Optimasi Support Vector Machine Menggunakan RandomizedSearchCV dan SMOTE untuk Klasifikasi Kebugaran Berdasarkan Parameter Fisiologis
Abstract
This study aims to improve the accuracy of the Support Vector Machine (SVM) model in classifying fitness status (fit/unfit) based on physiological parameters and lifestyle using the Fitness Classification Dataset, which is a synthetic dataset designed to represent fitness indicators such as BMI, height, weight, heart rate, blood pressure, nutritional quality, sleep duration, and activity index. The dataset has an imbalanced class distribution and contains a combination of numerical and categorical features, thus requiring comprehensive preprocessing. This study applies two optimization techniques, namely RandomizedSearchCV for efficient hyperparameter tuning and SMOTE for handling class imbalance.

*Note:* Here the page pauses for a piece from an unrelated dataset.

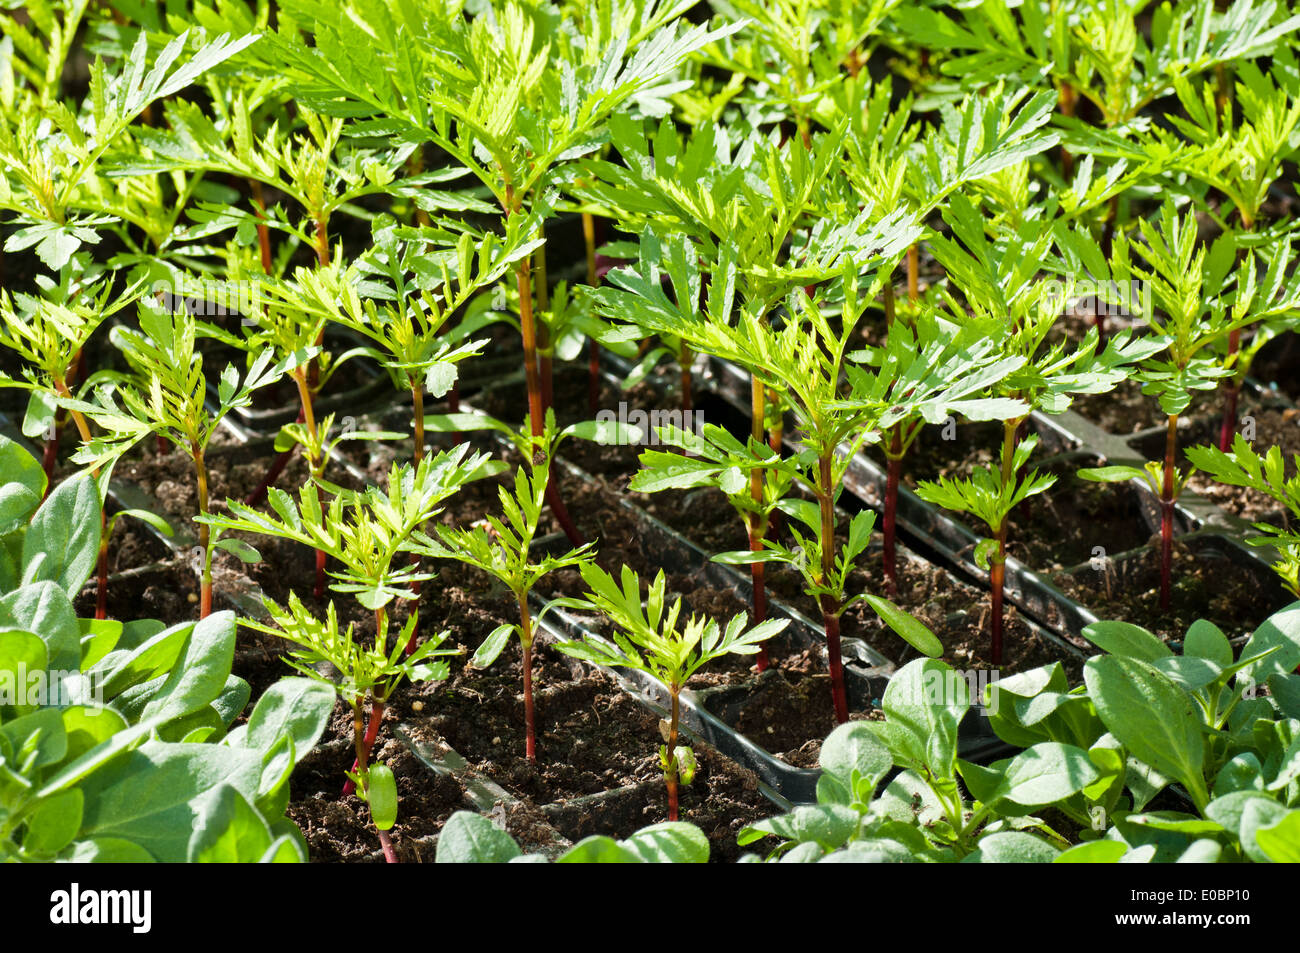 Marigold Plant Seedlings In Trays Stock Photo Alamy
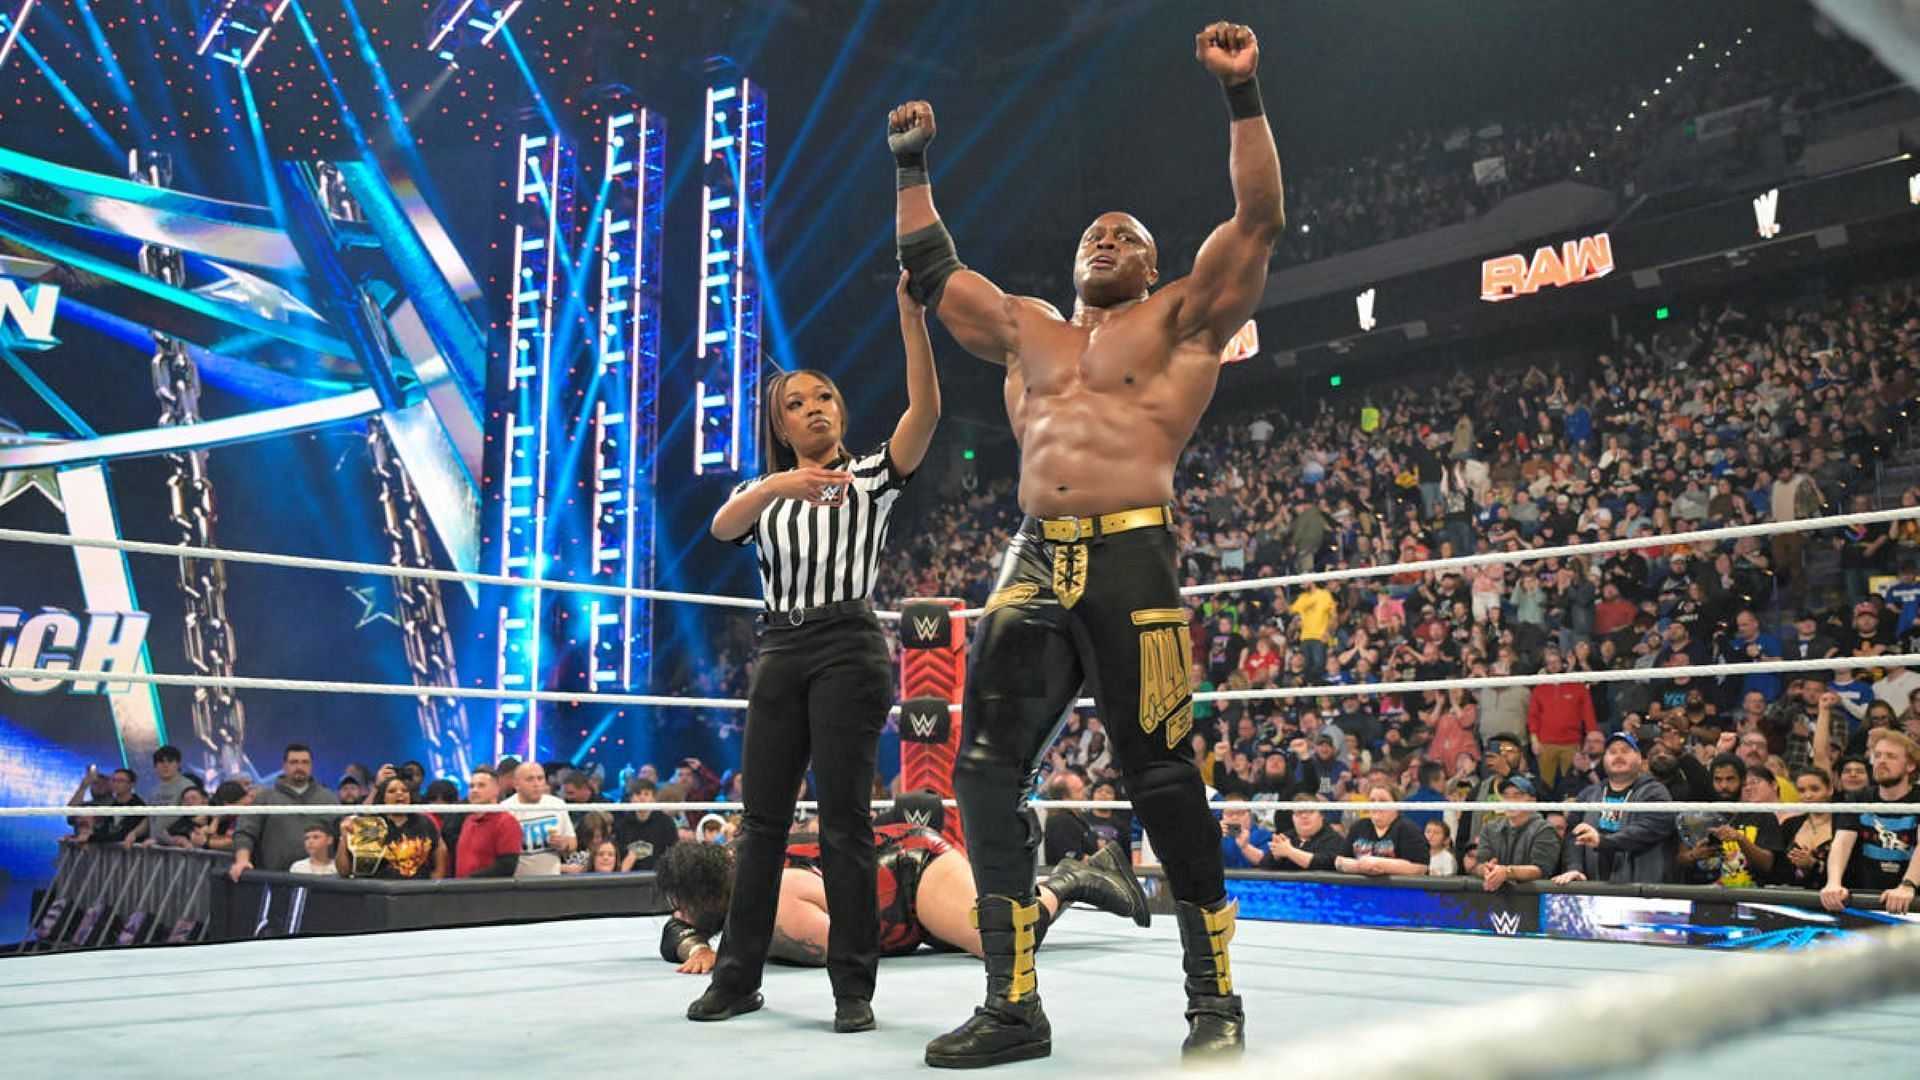 Will Bobby Lashley have his hands raised in Perth next weekend?

The experimental results show that the baseline SVM model produces an accuracy of 75.75%, while the combination of SVM + RandomizedSearchCV + SMOTE increases the accuracy to 80%, or an increase of 4.25%. In addition, the AUC value also increased from 0.835 in the baseline to 0.850 in the optimized model. These findings indicate that the integration of RandomizedSearchCV and SMOTE significantly improves the model's ability to capture non-linear patterns while increasing sensitivity to minority classes. Overall, this study proves that the optimized SVM pipeline is capable of providing more stable and accurate performance in fitness status classification tasks and can be used as a reference for developing predictive models in other health domains.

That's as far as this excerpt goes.